Shipco COO Kim Ekstroem said experienced logistics providers can establish new sea-air routes on demand.
When airfreight capacity to China suddenly tightened at the start of the pandemic, Shipco established a sea-air solution through Inchon, South Korea. Cargo arrived via aircraft at Inchon and was reloaded into ocean containers for transport to Shanghai.
“We got down to a transit time of roughly seven days,” Ekstroem said. However, he added, the service only lasted until the outbreak subsided in China.
Sustaining sea-air services post-COVID-19
ECU Worldwide said it plans to expand XLERATE for Europe with truck service to nine more inland U.S. locations in the next several weeks.
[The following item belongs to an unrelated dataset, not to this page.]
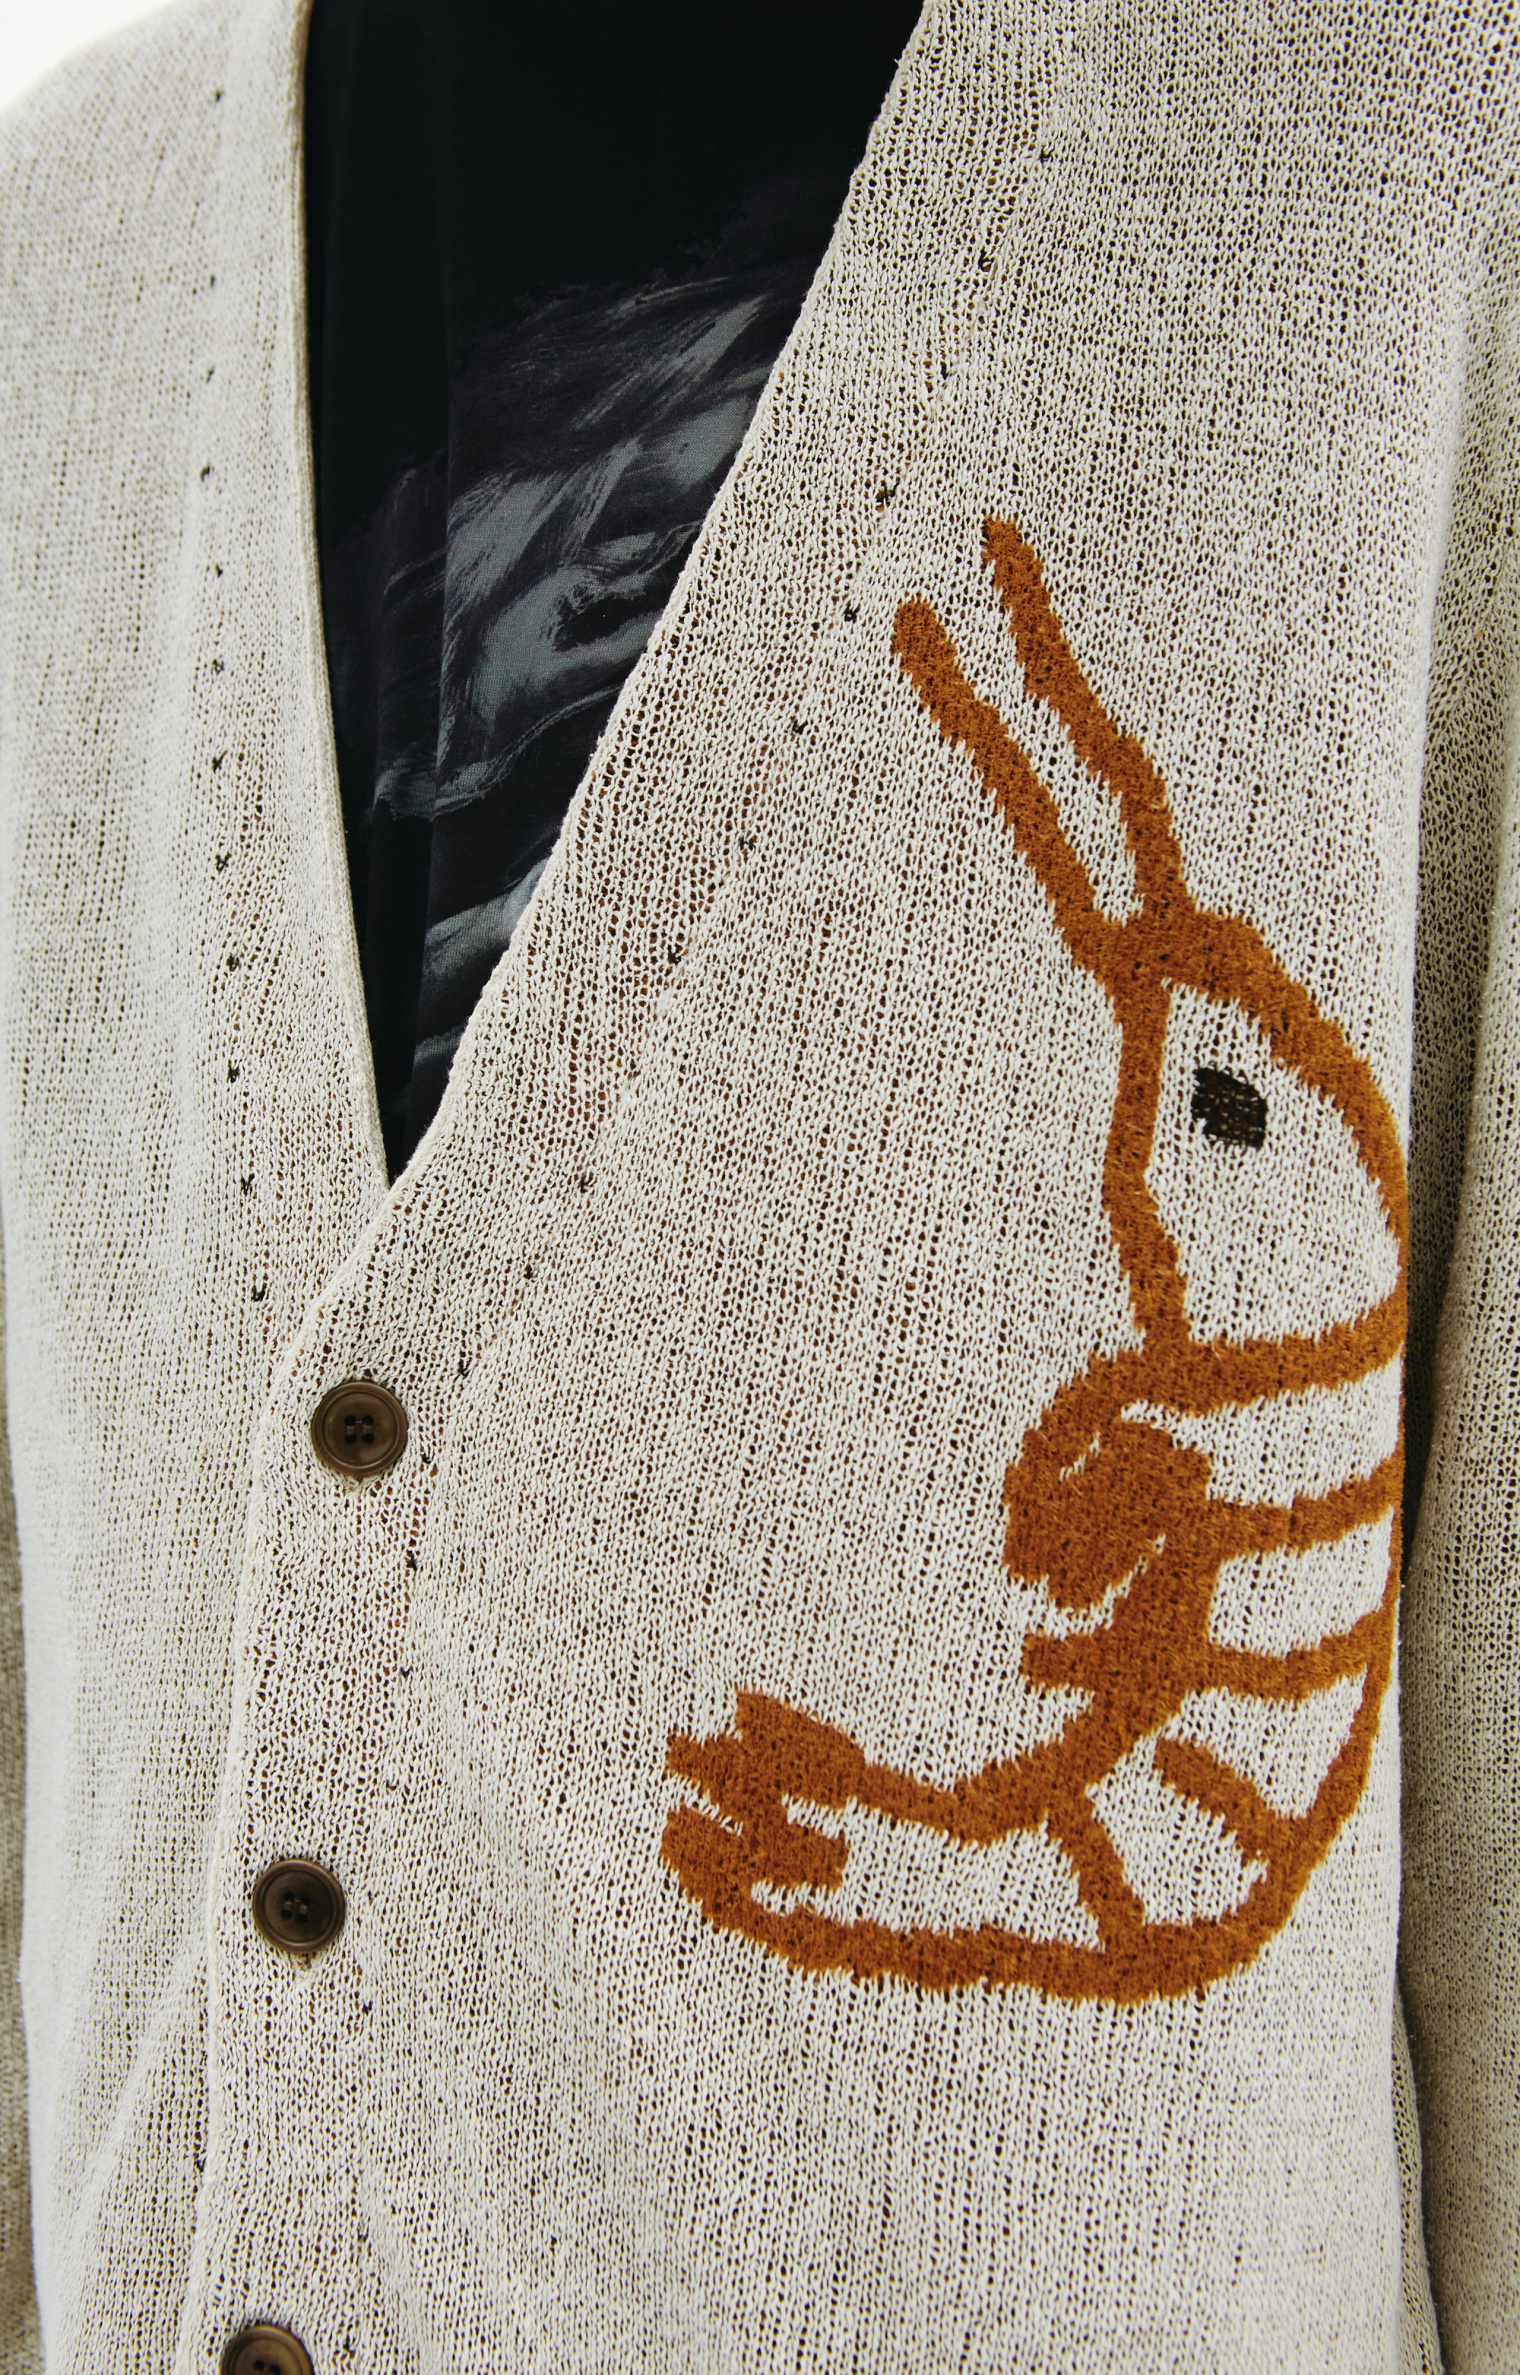 Yohji Yamamoto Shrimp knit cardigan

“Our XLERATE service, however, must first have access to premium port-to-port and express terminal gate-out services in Los Angeles for us to put it under the XLERATE rate,” Strader said.
Since sea-air services thrive on supply chain emergencies, C.H. Robinson’s Castle said the number of shipper requests will likely decrease once the COVID-19 virus subsides.
But Shipco’s Ekstroem believes sea-air services will stick around once the COVID-19 pandemic subsides.
“I think the need for cargo capacity will increase faster than our appetite for traveling, and without us traveling, there will be limited belly capacity and airfreight rates will stay high,” he said.